В доме завелись мыши. Мы построили дом сами. Шесть лет прожили в нем, ни о каких мышах знать ничего не знали. И вдруг, на тебе, мыши. Они возились под полом по ночам. Потом стали грызть в углу доски пола. Видимо надоело им питаться одной сырой картошкой в подполье, и они решили проникнуть в кухню, посмотреть, нельзя ли тут чем поживиться.
Может быть, конечно, мысли у них были и не такие бессовестные. Может, им просто осточертело темное подполье, захотелось взглянуть, что творится наверху в доме. Как говорится, людей посмотреть, себя показать.
Филимон Фадеевич
Наконец мыши обнаглели. Они стали вылазить из норы среди бела дня. И если кто-нибудь из нас сидел неподвижно, нахальная мышь шныряла под столом у самых ног. Мыши надоели нам окончательно. Они поднимали под полом такую возню, так носились и пищали, что будили нас по ночам. Кроме того, совершая ночные набеги, они нанесли нам урон: изгрызли шерстяной носок младшей дочери Светы и объели перед кожаного сапога старшей, Оли. Но им хотелось чего-нибудь повкусней, и мыши стали прогрызать стенку шкафа, где хранились продукты.
Самое обидное что в доме жил кот Филимон Фадеевич. Сначала, правда, у него было нормальное кошачье имя: Васька. Как-то папа сидел в кресле и читал газету. Потом встал, отложил газету и включил телевизор. Вернулся, чтобы сесть в кресло, а на нем уже кот развалился.
— Привет, Филимон Фадеевич, — сказал папа, — вы уже тут как тут. — И прогнал кота.
Девочкам, особенно младшей, Свете, так понравилось это новое имя, что иначе как Филимоном Фадеевичем кота с тех пор не называли.
Мне кажется, что раньше надо было бы нам начать величать его по имени-отчеству. К такому коту, как наш, белому, толстому и ленивому, никак не подходило легкомысленное имя Васька.
Надо заметить, что мышей наш кот терпеть не мог, а может быть, просто был к ним равнодушен. Но не охотился на них совершенно. Первое время, когда появились мыши, мы пытались научить кота ловить их. Когда какая-нибудь мышь шныряла среди бела дня под столом, мы хватали сонного кота, тащили его на кухню и совали под стол. Он упирался, вырывался из руки ленивой трусцой убегал в комнату, чтобы опять развалиться в мягком кресле.
Гость в подполье
Однажды в подполье начало твориться что-то совсем невообразимое. Казалось, кто-то ударялся головой о доски пола, потом раздавался отчаянный мышиный писк и обрывался на самой высокой ноте. Этот писк был совсем не таким, когда мыши дрались меж собой из-за корочки хлеба или чего-нибудь съестного. Это был предсмертный крик ужаса.
— Что они там, от голода начали друг друга есть, что ли? — заметил папа.
Жалостливая Света сказала:
— Всю еду прячете, прячете. Жалко вам. Можно уже было оставлять им немного хлеба на полу. Наверное, вы не обеднели бы.
Папа рассмеялся.
— Не хватает только мышей начать подкармливать. Их тогда столько разведется, что они весь дом в труху превратят.
Вскоре как-то незаметно, будто сами собой, мыши исчезли. Они перестали выглядывать из нор и появляться на кухне. И пищать под столом перестали, и не стало попадаться обгрызанной мышами картошки в подполье.
Мышей не стало, но иногда что-то живое, тихо прошуршав, пробегало под полом. Потом ночью кто-то в углу снова грыз доски пола.
— Опять появились, — сказал с ожесточением папа.

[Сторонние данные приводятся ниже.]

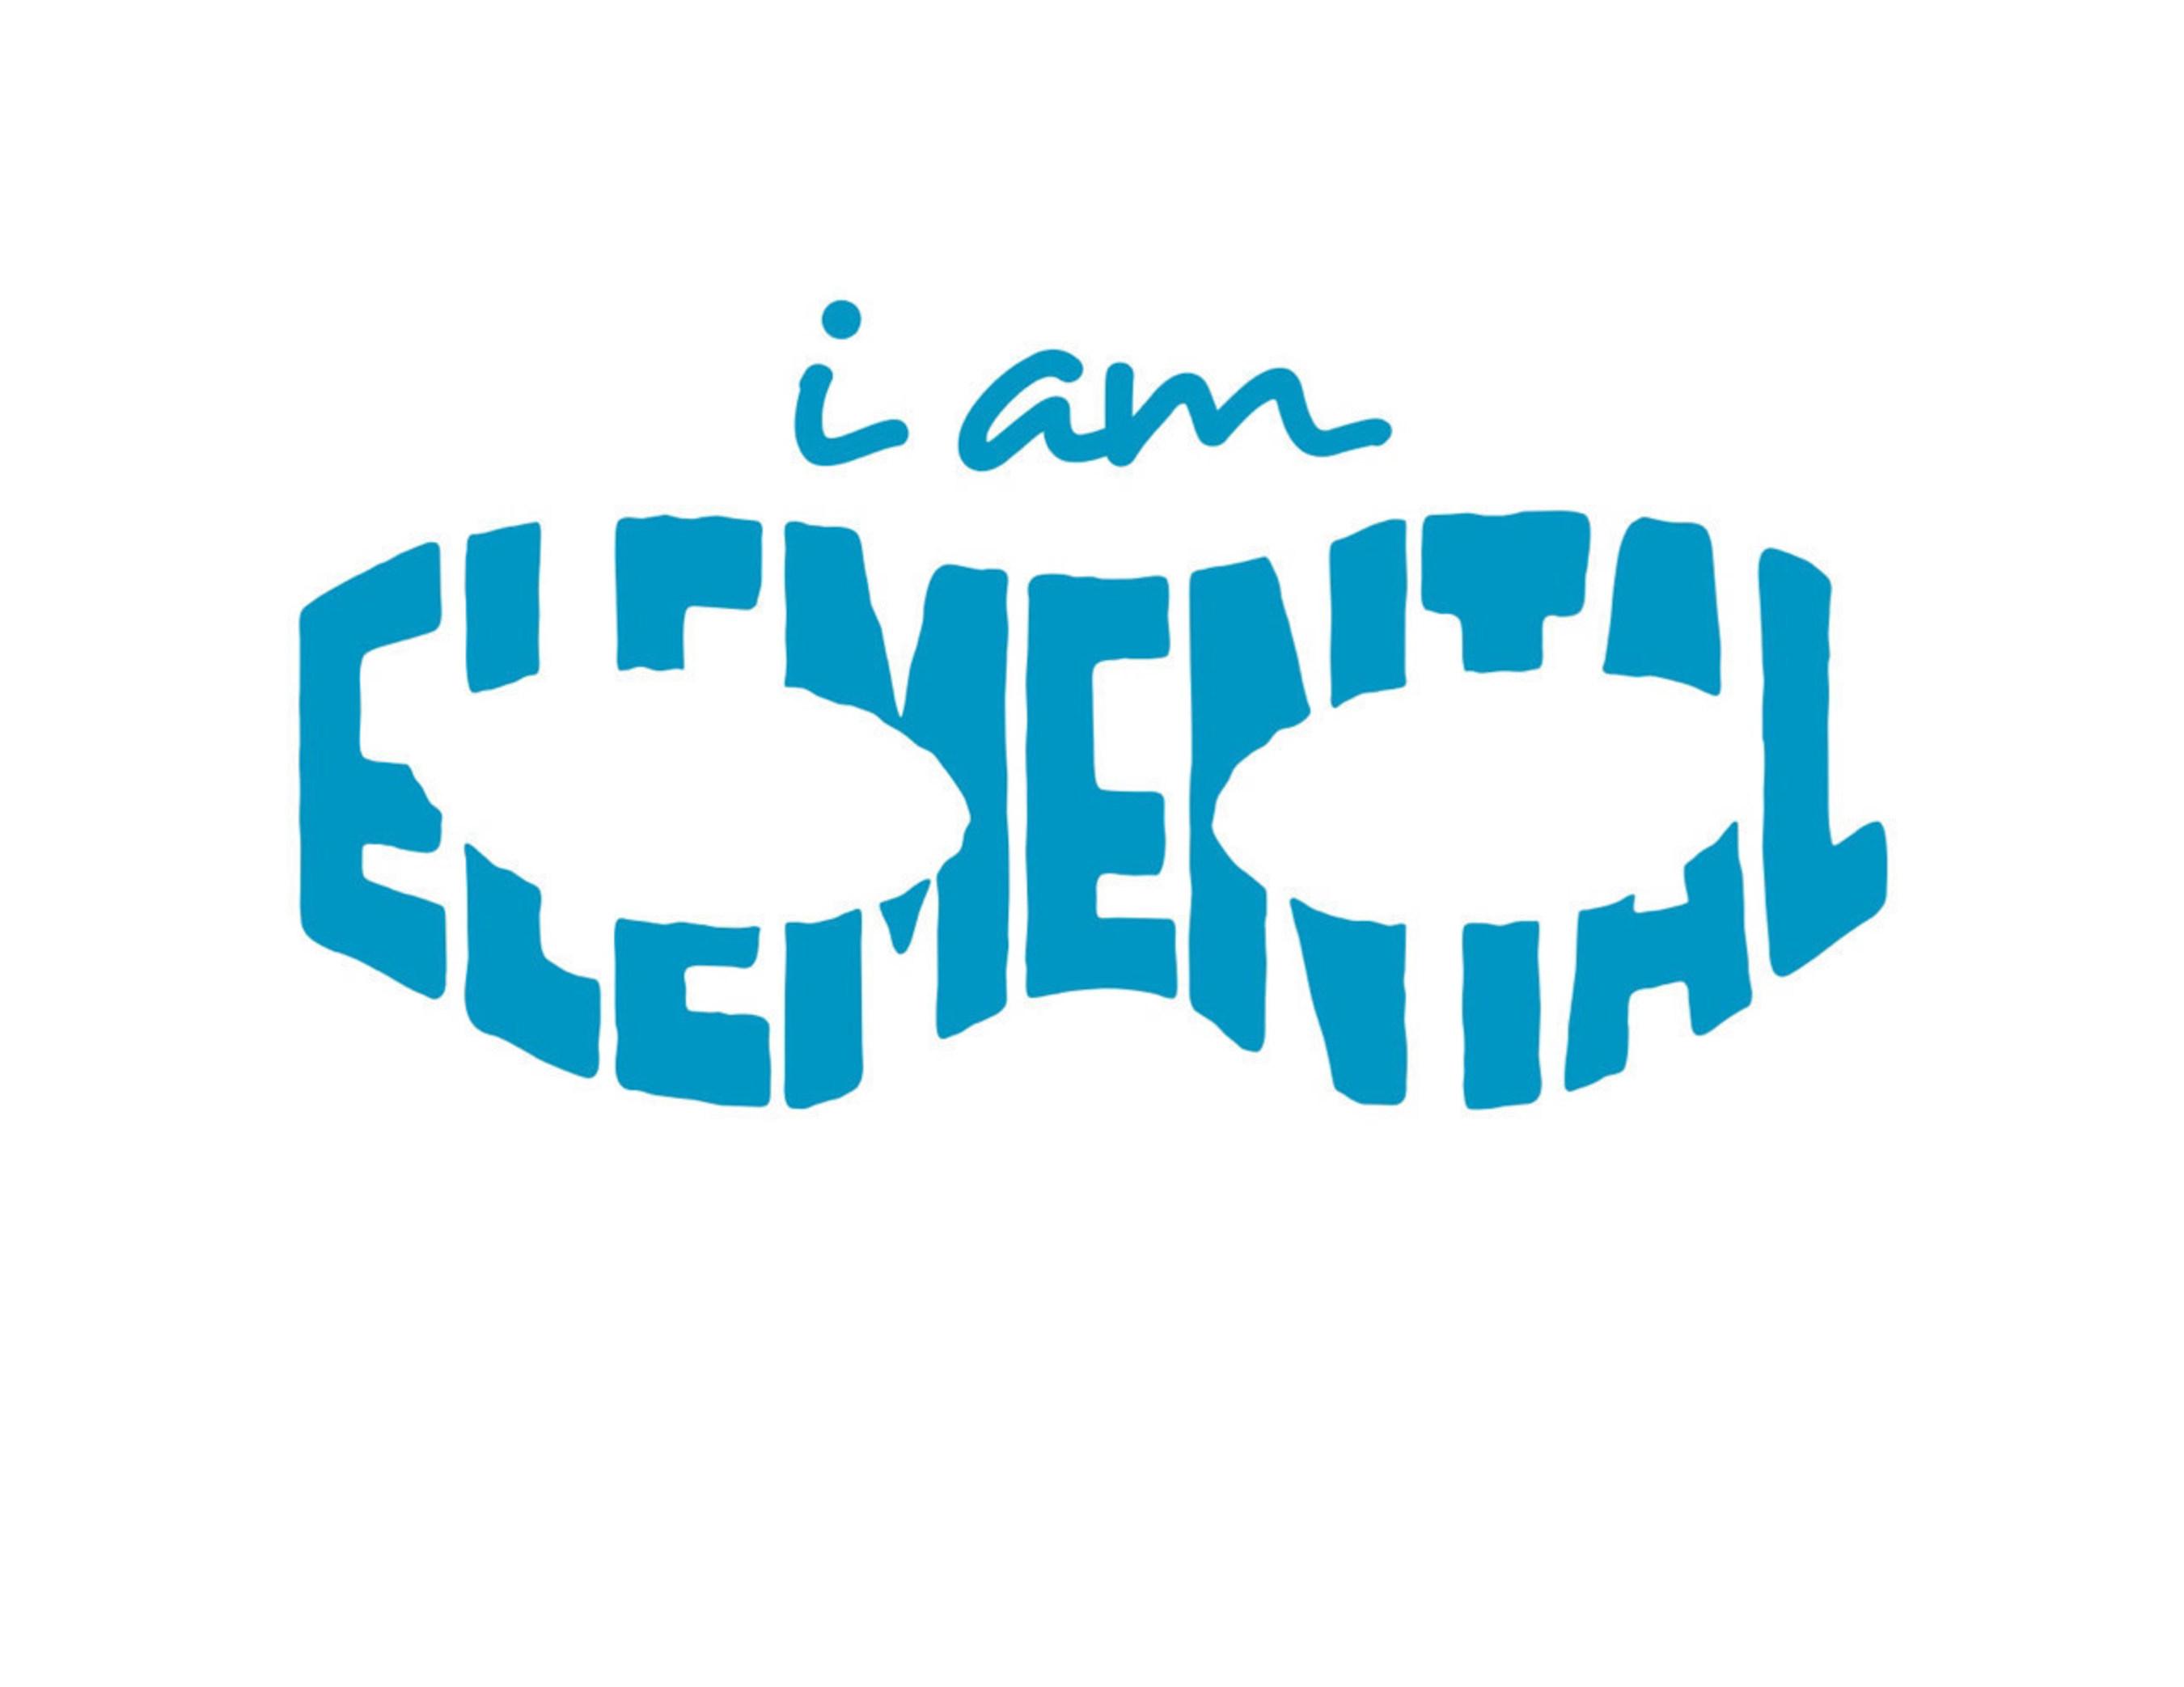 IAmElemental, creators of the first female superhero action figures designed specifically for children (PRNewsFoto/IAmElemental)
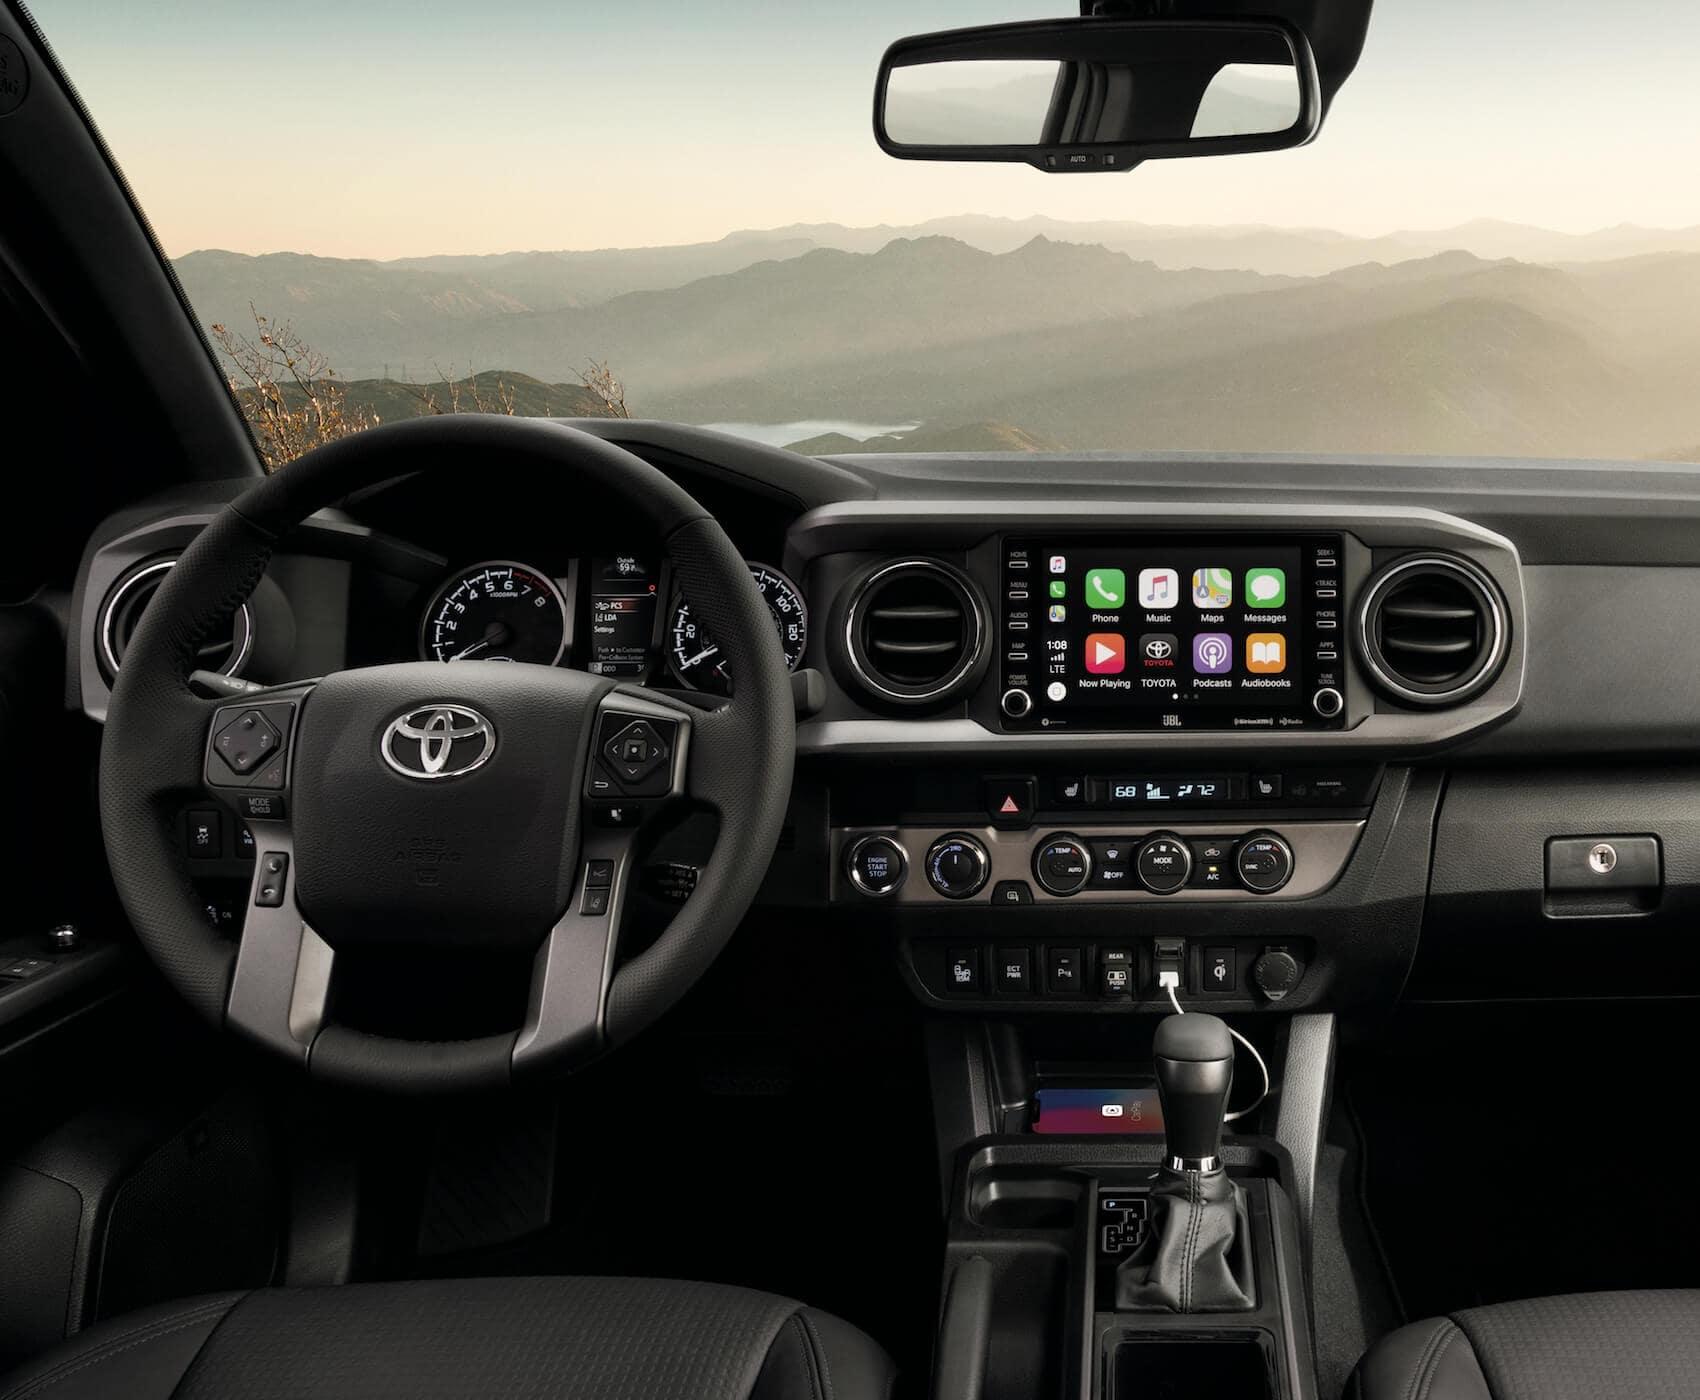 2020 Toyota Tacoma MPG Trevose, PA

А когда утром обнаружили, что забытая на кухонном столе голова от копченой рыбины вся изгрызена острыми мелкими зубами, папа совсем рассердился.
— Не хватало еще, чтобы по полу всякая нечисть бегала. И ведь, похоже, что не мыши. Наверное, крыса.
От этих слов у меня мурашки по спине пробежали. Крыса. Очень я не люблю и, откровенно сказать, боюсь этих пронырливых и прожорливых зверьков с длинным голым хвостом и маленькими злыми глазками на длинной зубастой морде.
— Ну все! — решительно сказал папа.
Он принес новенькую крысоловку, насадил на крючок кусочек колбасы и поставил ее под стол к стене. Несколько дней простояла крысоловка нетронутой. Колбаса совсем высохла, и папа снял ее с крючка.
— Надо было рыбу копченую положить, — сказала Света. — Раз она голову копченую объела, значит, любит рыбу.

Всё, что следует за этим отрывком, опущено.